# DX12 Subpixel precision and integer coordinates

## Recommended Posts

When implementing subpixel precision in a software rasterizer I've found the following code:

It's just too bad the author doesn't explain anything to it. Can someone explain to me how shifting these integer variables gives us 4 bit subpixel precision a.k.a 16 more values of precision ? Not to mention this not working in my code :/

// 28.4 fixed-point coordinates
const int Y1 = iround(16.0f * v1.y);
const int Y2 = iround(16.0f * v2.y);
const int Y3 = iround(16.0f * v3.y);

const int X1 = iround(16.0f * v1.x);
const int X2 = iround(16.0f * v2.x);
const int X3 = iround(16.0f * v3.x);

// Fixed-point deltas
const int FDX12 = DX12 << 4;
const int FDX23 = DX23 << 4;
const int FDX31 = DX31 << 4;

const int FDY12 = DY12 << 4;
const int FDY23 = DY23 << 4;
const int FDY31 = DY31 << 4;

// Bounding rectangle
int minx = (min(X1, X2, X3) + 0xF) >> 4;
int maxx = (max(X1, X2, X3) + 0xF) >> 4;
int miny = (min(Y1, Y2, Y3) + 0xF) >> 4;
int maxy = (max(Y1, Y2, Y3) + 0xF) >> 4;

int CY1 = C1 + DX12 * (miny << 4) - DY12 * (minx << 4);
int CY2 = C2 + DX23 * (miny << 4) - DY23 * (minx << 4);
int CY3 = C3 + DX31 * (miny << 4) - DY31 * (minx << 4);

for(int y = miny; y < maxy; y++)
{
int CX1 = CY1;
int CX2 = CY2;
int CX3 = CY3;

for(int x = minx; x < maxx; x++)
{
if(CX1 > 0 && CX2 > 0 && CX3 > 0)
{
colorBuffer[x] = 0x00FFFFFF;
}

CX1 -= FDY12;
CX2 -= FDY23;
CX3 -= FDY31;
}

CY1 += FDX12;
CY2 += FDX23;
CY3 += FDX31;

}

Edited by lipsryme

##### Share on other sites

That code basically compacts to:

((x + 0xF) >> 4) << 4

...which is strange -- doing a shift down followed by a shift up immediately afterwards.

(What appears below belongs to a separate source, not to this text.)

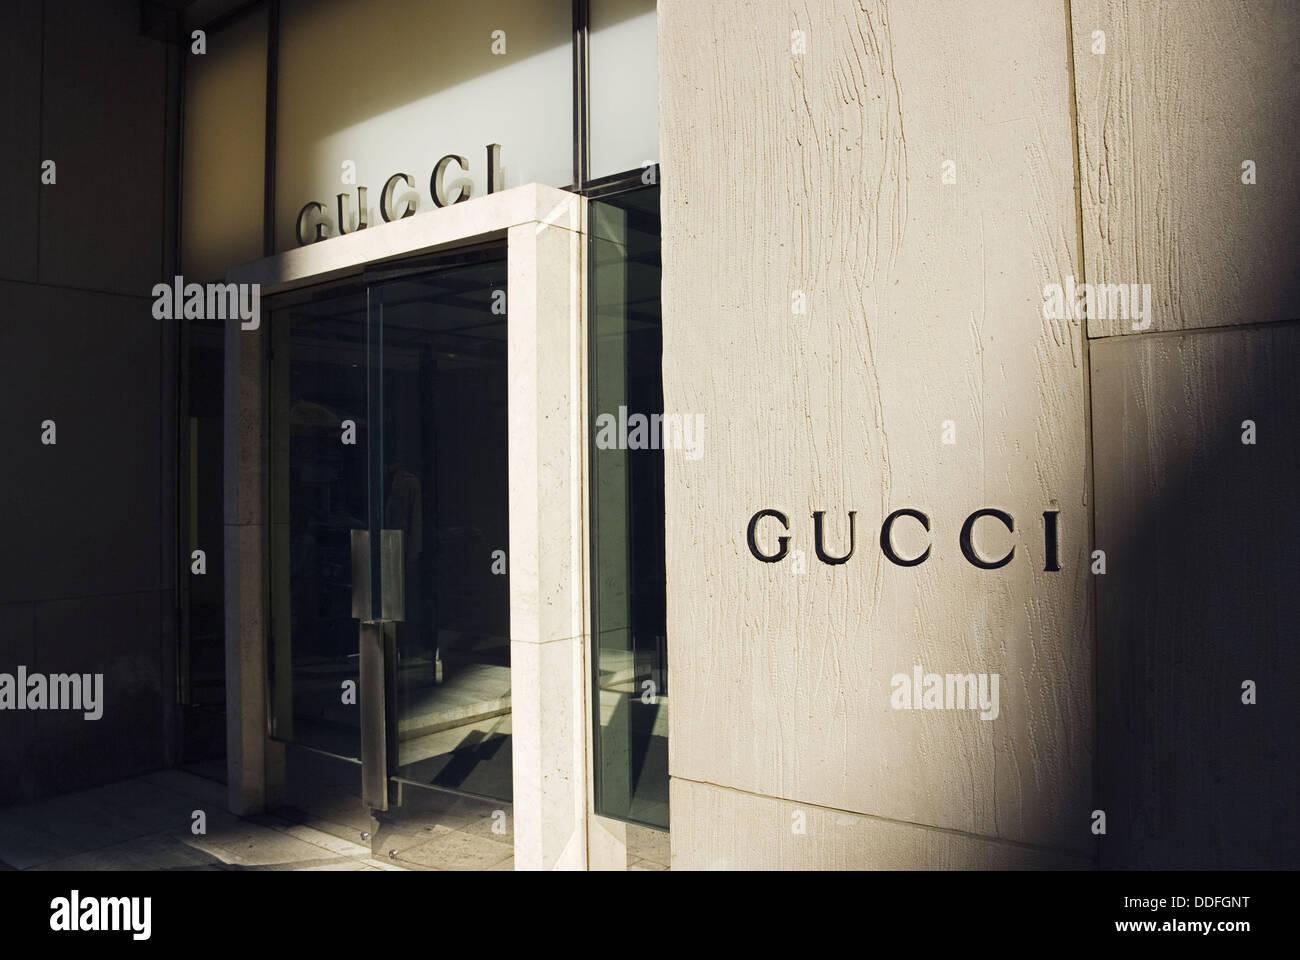 gucci 5th ave. gucci storefront, 5th avenue, manhattan, new york city, york, usa ave i

If I'm not mistaken, that's the same as:

((x + 0xF) & ~0xFU)

i.e. clear the lower 4 bits, while rounding upwards to the nearest multiple of 16.

Given this, and not much context, I would guess that the author is using a 28.4 fixed point format, and this is an implementation of the ceil function?

##### Share on other sites

That code basically compacts to:

((x + 0xF) >> 4) << 4

...which is strange -- doing a shift down followed by a shift up immediately afterwards.

If I'm not mistaken, that's the same as:

((x + 0xF) & ~0xFU)

i.e. clear the lower 4 bits, while rounding upwards to the nearest multiple of 16.

Given this, and not much context, I would guess that the author is using a 28.4 fixed point format, and this is an implementation of the ceil function?

Shifts preserve the sign bit if I'm not mistaken

EDIT: hmm, on second though, I didn't read your code correctly, but then again, shifts would be "safe" standard wise, as opposed to the bit masking on an integer.

Edited by Necrolis

##### Share on other sites

So I need to round upwards after multiplying by 16.0f ? Because I thought his iround would be the same as a cast to int.

update1: still using ceil does not help me on my results: http://d.pr/i/qZBx (screen). I basically copy+pasted his code with the same result.

update2: Let's see if I get this right...

Looking at the bitfield and consider as an example an 8bit (less zeros to write  ) integer with the value 3

3 = 0000 0011

now we multiply this by 16

3 * 16 (48) = 0011 0000

and shift it 4 to the right ?

48 >> 4 =  0000 0000

and then we do some math/comparison with it ?

and after that we shift it back to get our original value

48 << 4 (3) = 0000 0011

Is that correct ?

Edited by lipsryme

##### Share on other sites

I think the original author is Nick from devmaster.net, and here's the corresponding article: http://devmaster.net/posts/6145/advanced-rasterization

Maybe that helps in understanding it better!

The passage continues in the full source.